Nicht-medikamentöse Therapie des Funktionellen Tremors
Neu ist auch, dass die nicht-medikamentöse Therapie des Funktionellen Tremors mittels einer spezialisierten Physiotherapie als wirksam angeführt wird. Die spezialisierte Physiotherapie sollte eine Aufklärung des Patienten, die Umschulung von Bewegungen und einen langfristigen Fokus auf das Selbstmanagement umfassen. Hintergrund ist ein biopsychosoziales ätiologisches Modell, welches u.a. Krankheitsüberzeugungen und eine fehlgesteuerte Aufmerksamkeit für die betroffene Körperregion adressiert.
In der Leitlinie werden mehrere Studien aufgeführt, die eine spezialisierte Physiotherapie im Vergleich zur Standard-Physiotherapie untersucht haben. Laut den Autoren der Leitlinie lässt die Studienlage zwar noch keine abschließende Beurteilung zu, aber es gebe deutliche Hinweise auf eine Überlegenheit der spezialisierten Physiotherapie im Vergleich zur Standard-Physiotherapie. Ein weiterer Vorteil: Es traten keine Nebenwirkungen auf.
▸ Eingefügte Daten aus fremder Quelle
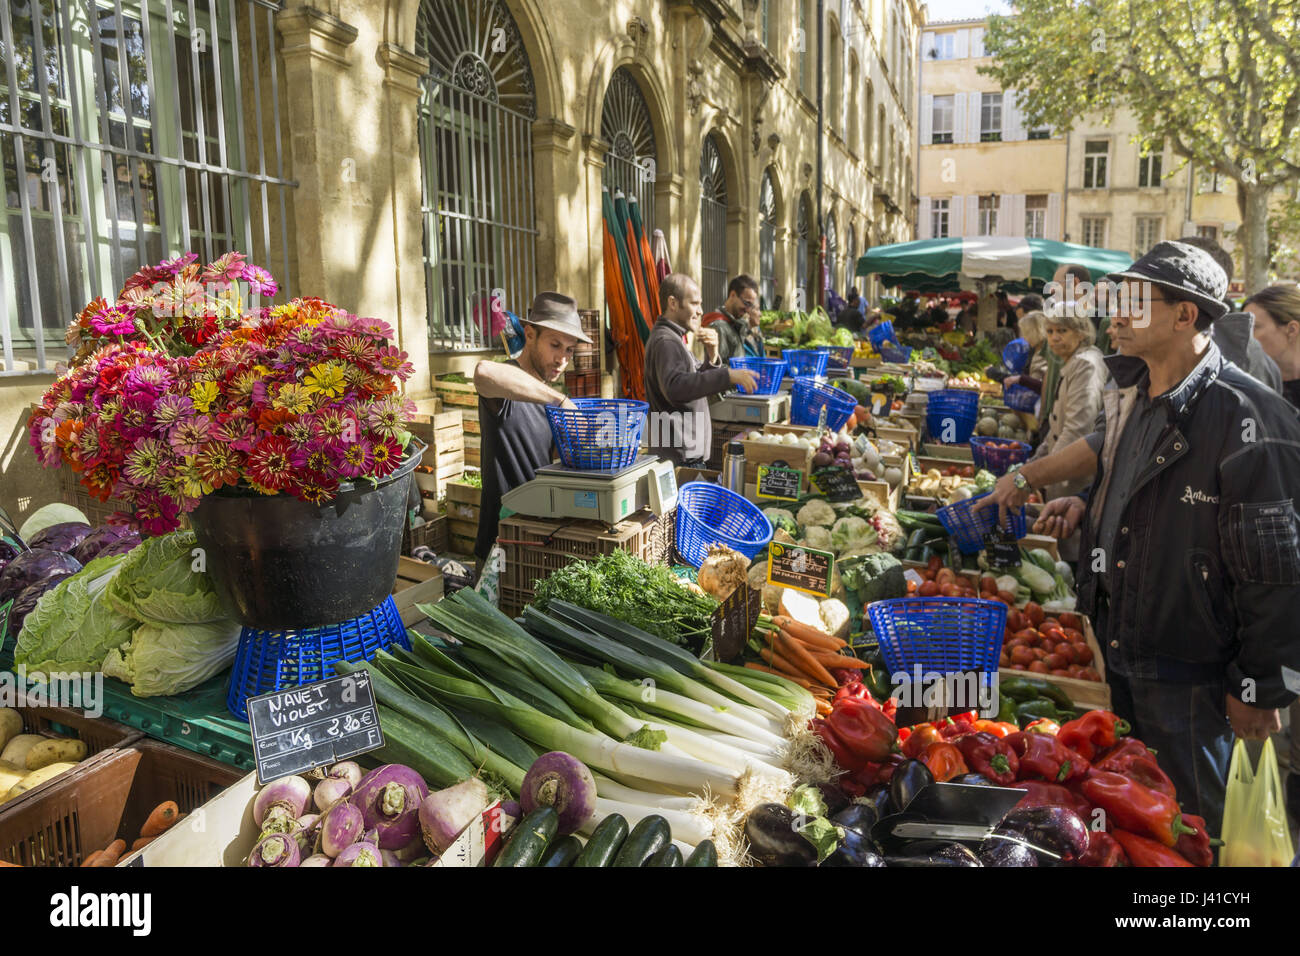 Vegetable stall at Market Place Richelme, Aix en Provence, Bouche du Rhone, Cote d'Azur, France Stock Photo

Ultraschall und MRT bei medikamentenresistentem ET
Ein MRT gesteuerter fokussierter Ultraschall (MRgFUS) kann zur läsionellen Therapie bei einseitiger Behandlung eines medikamentenresistenten ET eingesetzt werden. Die Evidenz für die Anwendung bei Patienten mit Parkinson-Tremor ist laut Leitlinie noch nicht ausreichend.
„Die unilaterale fokussierte Ultraschallbehandlung (MRgFUS) sollte Patienten mit medikamentenresistentem essentiellem Tremor angeboten werden, wenn eine einseitige Behandlung aussichtsreich ist und / oder eine Verbesserung der Lebensqualität für den Patienten trotz nur unilateraler Tremorreduktion anzunehmen ist. Die Festlegung der individuellen Indikation bleibt den Spezialzentren vorbehalten. Mit dem MRT gesteuerten fokussierten Ultraschall (MRgFUS) steht eine neue, nicht invasive, läsionelle Therapie zur einseitigen Behandlung des medikamentenresistentem ET und mit bislang ungenügender Evidenz auch des Parkinson-Tremors zur Verfügung“, so lautet Empfehlung in der Leitlinie, mit einer Konsensstärke von 100% [1].
Hintergrund für die Empfehlung ist eine randomisierte Studie, in welcher MRgFUS mit einer Scheinbehandlung verglichen wurde [6].